Velvet & Sins: An MMF Dark Romance by L.K. Reid

Velvet & Sins: An MMF Dark Romance by L.K. Reid

Author:L.K. Reid [Reid, L.K.]
Language: eng
Format: epub
Published: 2023-05-25T16:00:00+00:00


11

EVELYN

I haven’t been able to move away from the spot on my bed since Cillian left, and when he didn’t return back home last night, I realized how fucked up it was craving someone I’ve just met like this. I needed his soft smile, the sadness in his eyes, the way he held me and the way he needed me, and the moment all those thoughts came through my mind, I fucking hated myself because it felt as if I was using him to erase my own thoughts.

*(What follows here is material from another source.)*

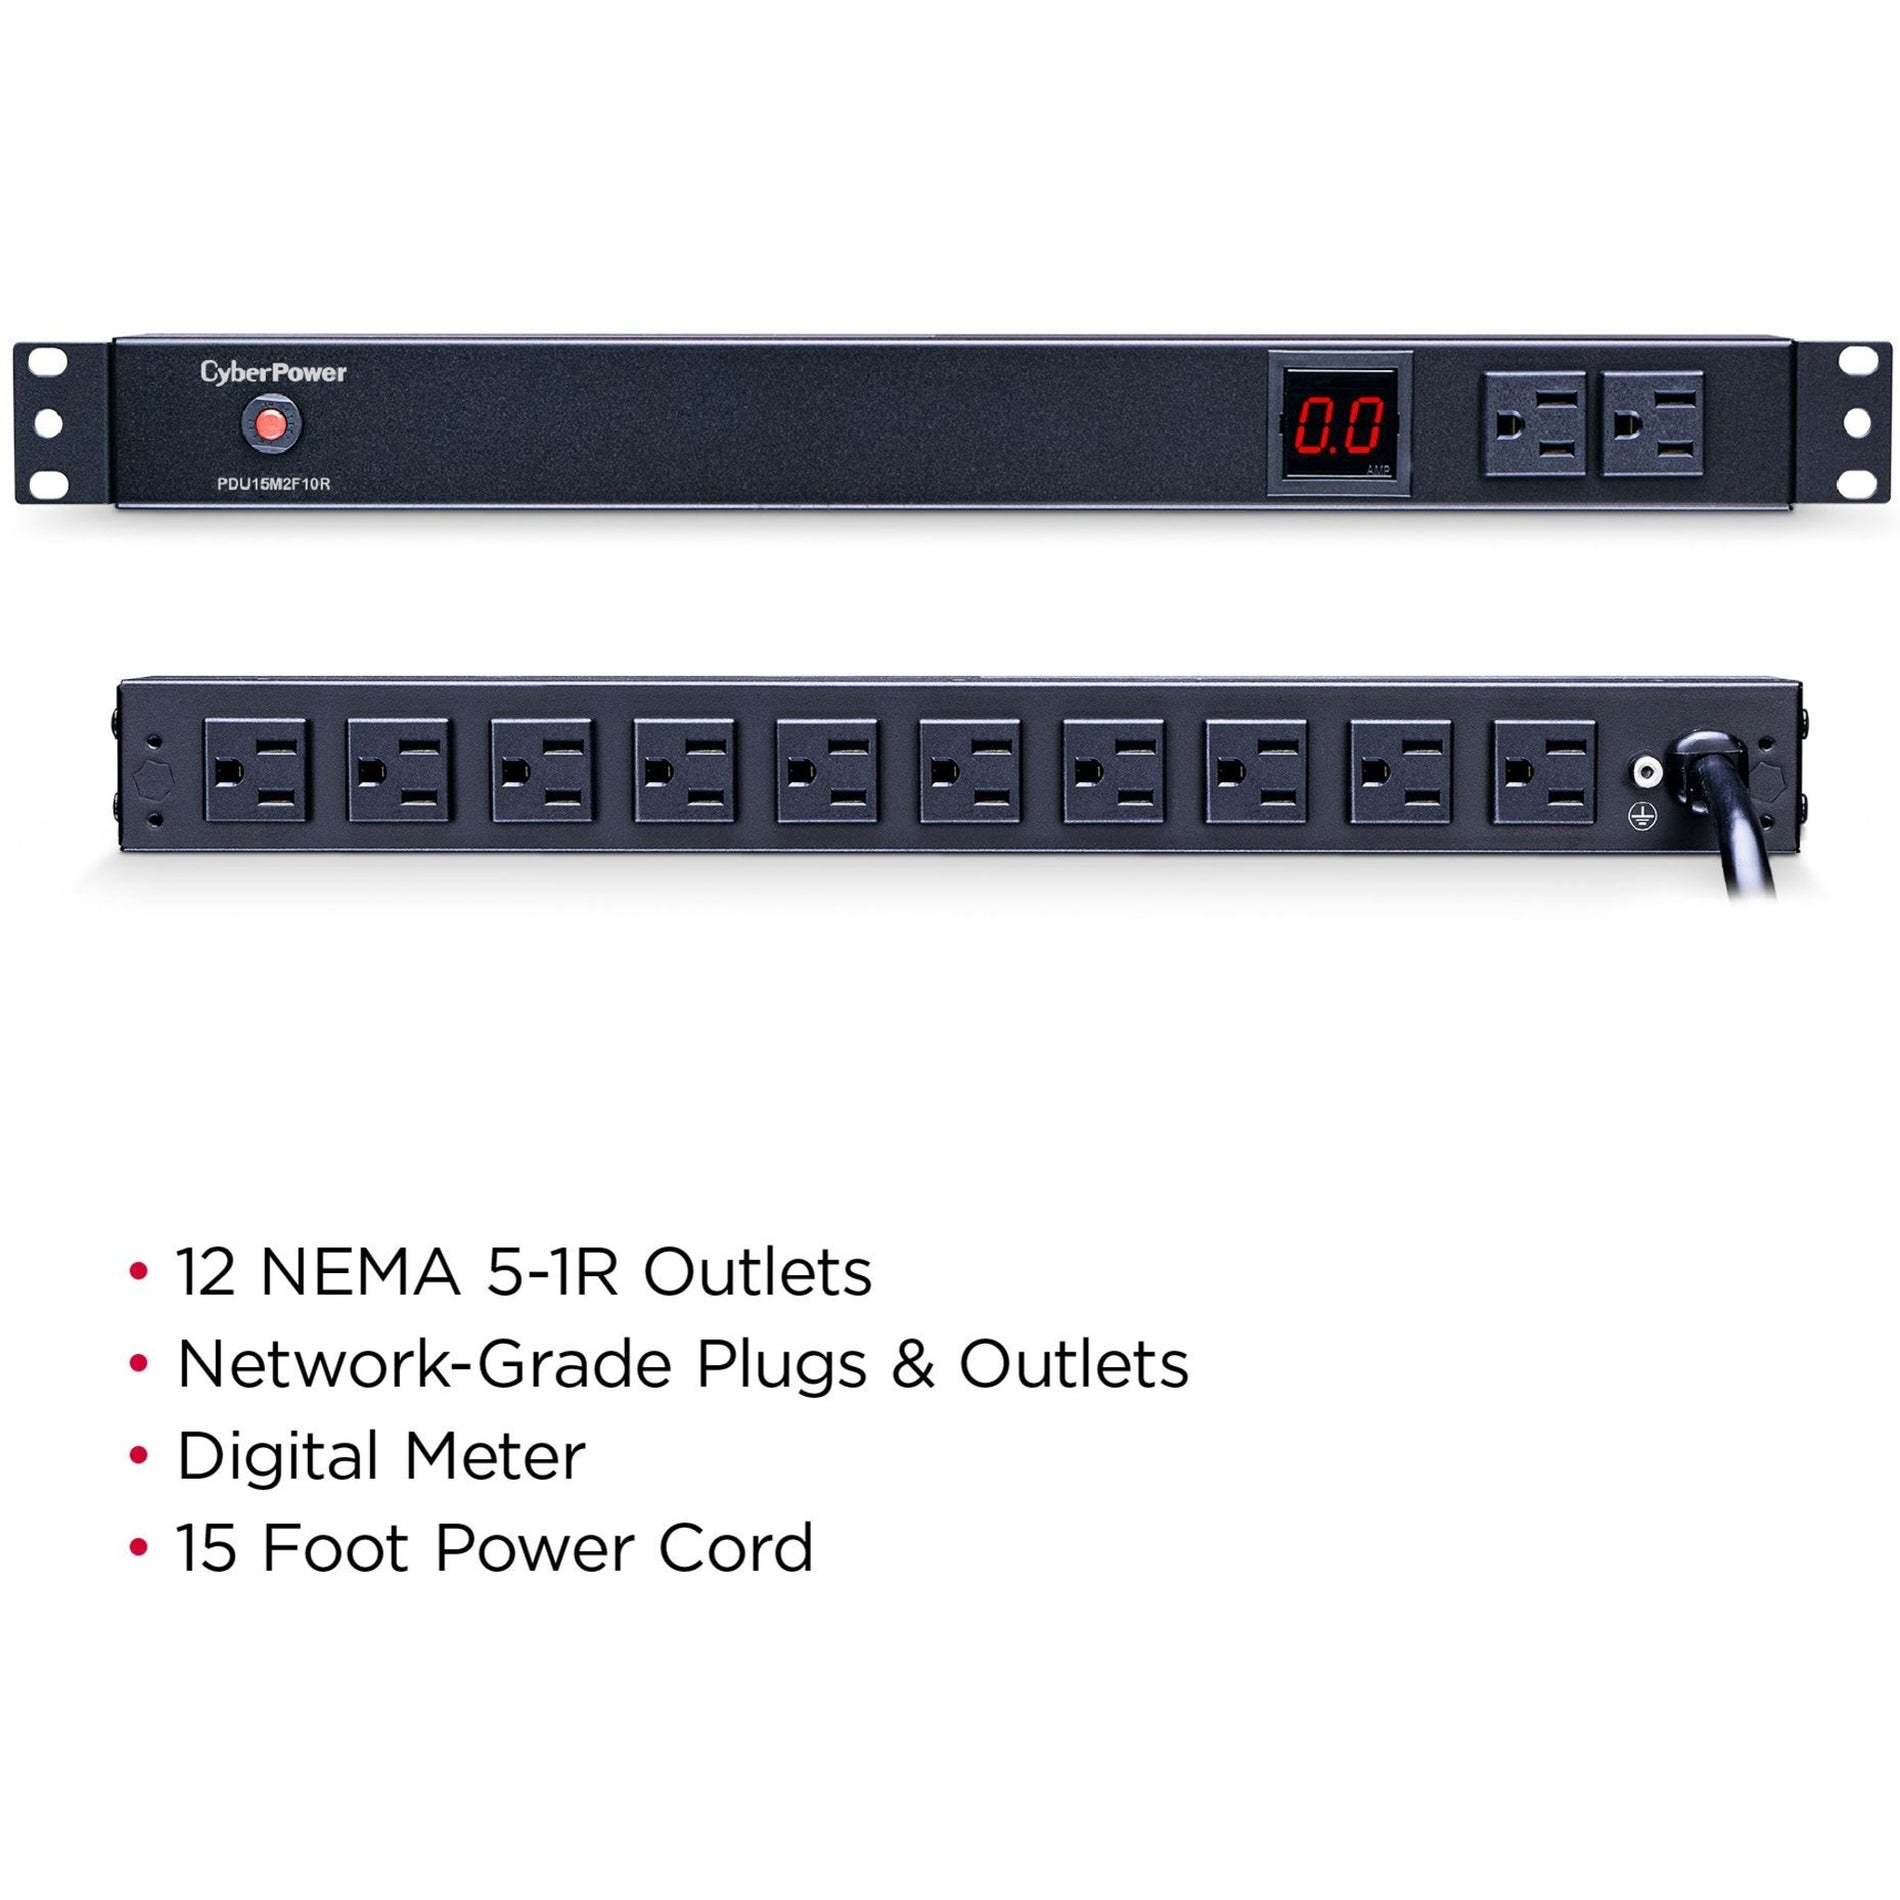 CyberPower PDU15M2F10R 12-Outlets PDU 100-125VAC 15A Metered Power Distribution Unit

We were both fucked up in our own ways, maybe him more than me, but I needed him to forget the night that I could never erase from my mind.

What I hated the most was the fact that I cared about him. God, I cared about a man who was probably a murderer, a monster in its own name, and I couldn’t fight it. The way he clung to me, the way he called out my name when we hid inside his room, only the two of us, it all called to the dark parts of my soul I rarely let out to play. My mom always told me I often went for the broken ones because I recognized in them what I always carried deep inside my heart.

And Cillian—he was a man on the brink of falling apart, and I wanted to bring him back to life. I did it as well. I saw light in those whiskey eyes as he fell apart for me, as we both reached the high we craved.

And now he wasn’t here.

He'd left me all alone, doing God knows what, and I would be lying if I said that I didn’t hate it more than I should. I should’ve been happy, figuring out a way to get out of here, but I didn’t want to leave. I wanted to belong to him, to Christian who fucking pissed me off with his little display yesterday.

I smiled when I remembered the jealousy shining through his eyes, and I had a feeling that Cillian had no idea what his friend felt for him. I also had a feeling that it wasn’t one sided, and while it should’ve scared me, it made me feel alive, being there with the two of them. I wanted Cillian to be happy, to be sated, to get what he so desperately needed, and me? Well, I wanted them both in my bed, in my life, no matter how fucked up it all sounded.

It was fast, this attraction I harbored, but I didn’t want to fight it. I just wanted them both back so that I could tell them I wasn’t going anywhere even if they wanted me gone.

But Cillian wasn’t here and neither was Christian, and I hated the needy parts of me that wanted to wrap around both of them, trapping them in this room from where I never wanted to leave.

I pulled myself up from the bed, still wearing Cillian’s shirt, and looked at the gray skies above Velvet City.